Only thing pickier about food than a poodle is my 14-year-old daughter.


----------



## Tymaca

LEUllman said:


> Only thing pickier about food than a poodle is my 14-year-old daughter.


HA! That is too funny.


----------



## Tymaca

vtomblin said:


> My guys eat exactly the same way. I would not say poodles are good eaters. Not all of course. But from my 3 and hearing about others on the forum, poodles can be picky or just plain eat on their own time. Your story is normal in my house


That is really good to know. It seems like most dogs that I have known always scarf down their food, so I am like what is up with this girl?! It's funny, because I am the same way. Not in the mood to eat 1st thing in the morning, but come lunch/dinner - I am good to go!


----------



## Tymaca

outwest said:


> My spoo is a pig. My last one ate on her own time, which was annoying because I have two dogs. The other one just hung around waiting for the first one to finish so he could eat any tasty morsels that were left. They are all different.


Sounds like my house now. Zoe eats a couple morsels here and there and Lucy stays guard of her bowl hoping she will forget to eat the rest. I am amazed she hasn't eaten any of it yet and it actually sits for hours. It's like Zoe is tormenting Lucy by leaving it sit there. Too funny!


----------



## JE-UK

I stopped feeding my poodle breakfast at about the age yours is, for the same reason. He just wasn't interested. Yet he eats his dinner with enthusiasm.

So he gets a couple of filled Kongs during the day and dinner at night.
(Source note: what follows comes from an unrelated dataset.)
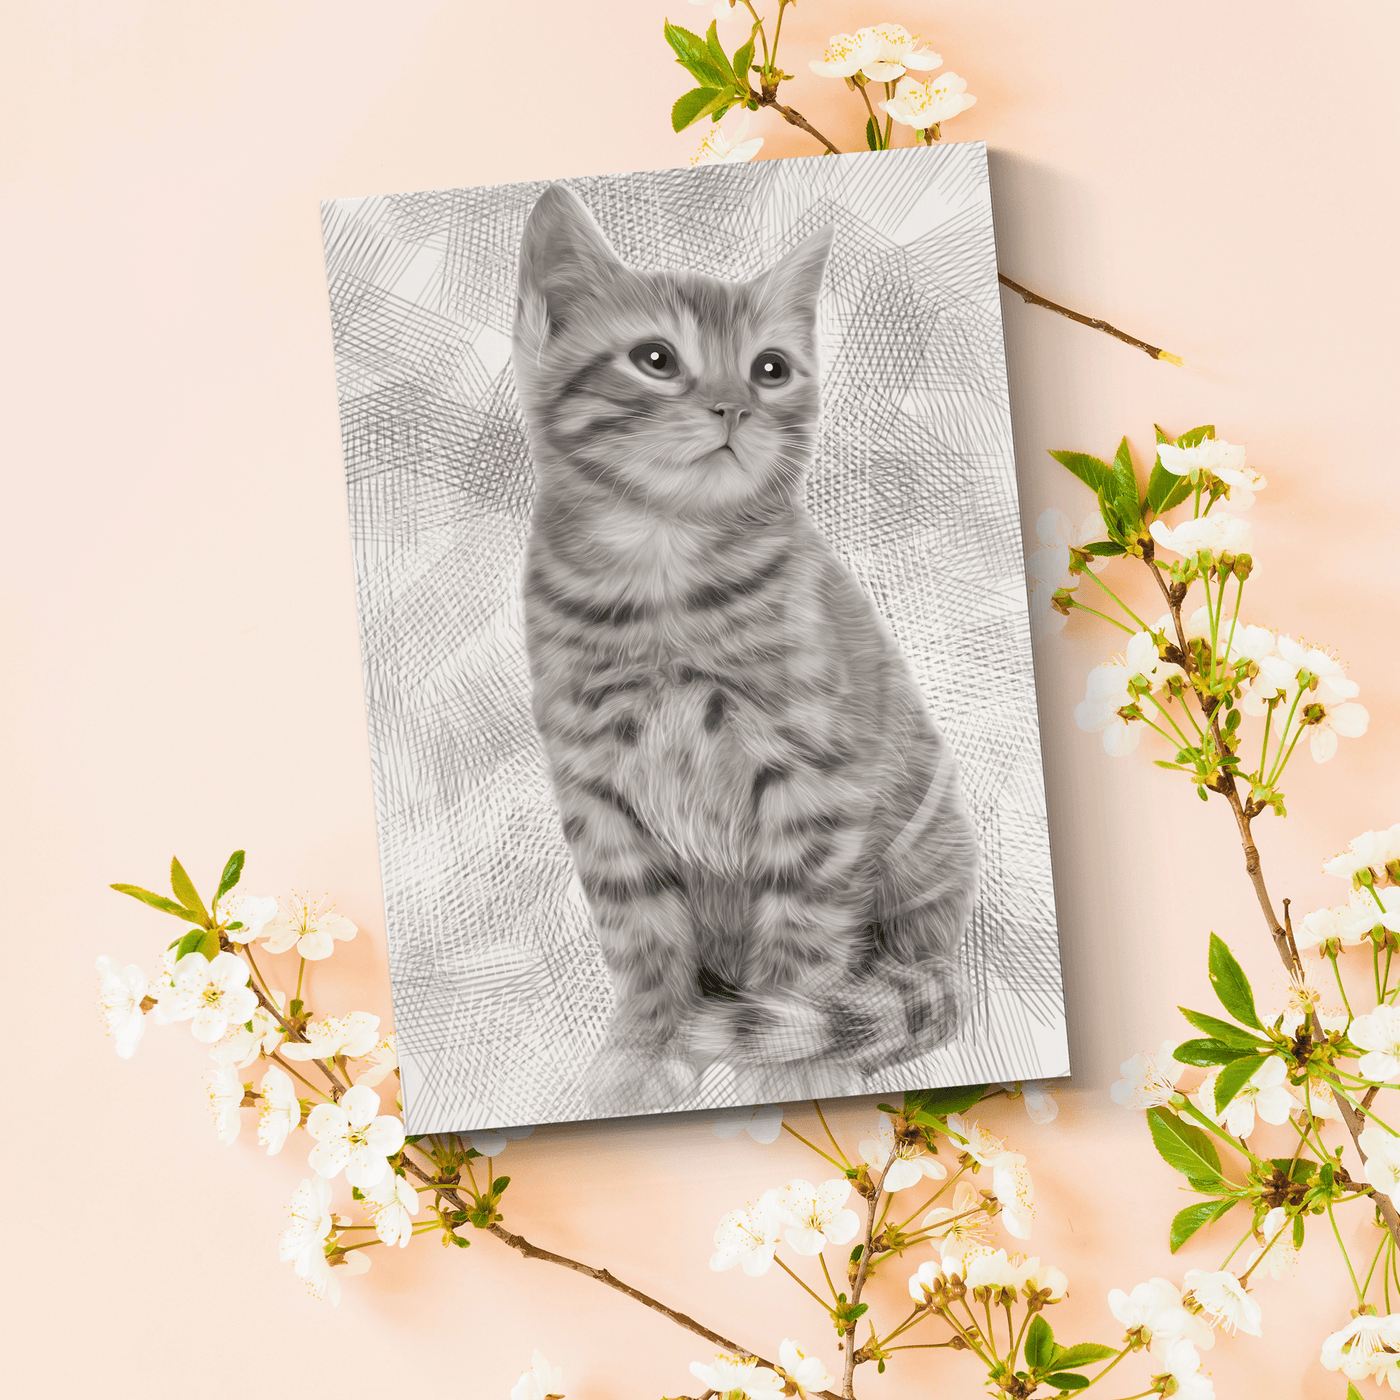 pet charcoal drawing of an adorable cat

Works for us.


----------



## georgiapeach

Our dogs eat breakfast and dinner, and they both act like they've never been fed in their lives. Potsie whines and paces the whole time I'm scooping the kibble in their bowls - so annoying! The don't get many treats (only one small one when we go to work in the morning), so every meal time causes a happy dance!

Potsie USED to be a picky eater. I started taking up his food after a few minutes if he didn't eat (with another piggy eater with a former weight problem, I couldn't leave the food out), and that eliminated his pickiness within a few days...


----------



## katbrat

Tymaca said:


> We got Zoe almost a week ago and I am not sure if her eating habits are normal or there is more to it? She is 13 months old.
> 
> In the morning I feed both dogs (right after they get up and go potty @ 7am), and Zoe looks at the food and then walks away. After being up for a little bit, she starts eating some, slowly. Couple morsels at a time, until about half the bowl is gone. Then she goes about her day. Now, it's 11am, and she went into the kitchen and finished the other half. Is that normal?
> 
> At dinner, she eats the entire meal at once, so not sure what this daytime thing is all about. Could she just not be that hungry and paces herself? I was under the assumption that poodles like to scarf down their food?!


Lexi eats the same way. I guess I don't blame them, I cant' eat straight away when I get up in the morning either.


----------



## Tymaca

katbrat said:


> Lexi eats the same way. I guess I don't blame them, I cant' eat straight away when I get up in the morning either.


Ha, I am the same way too!


----------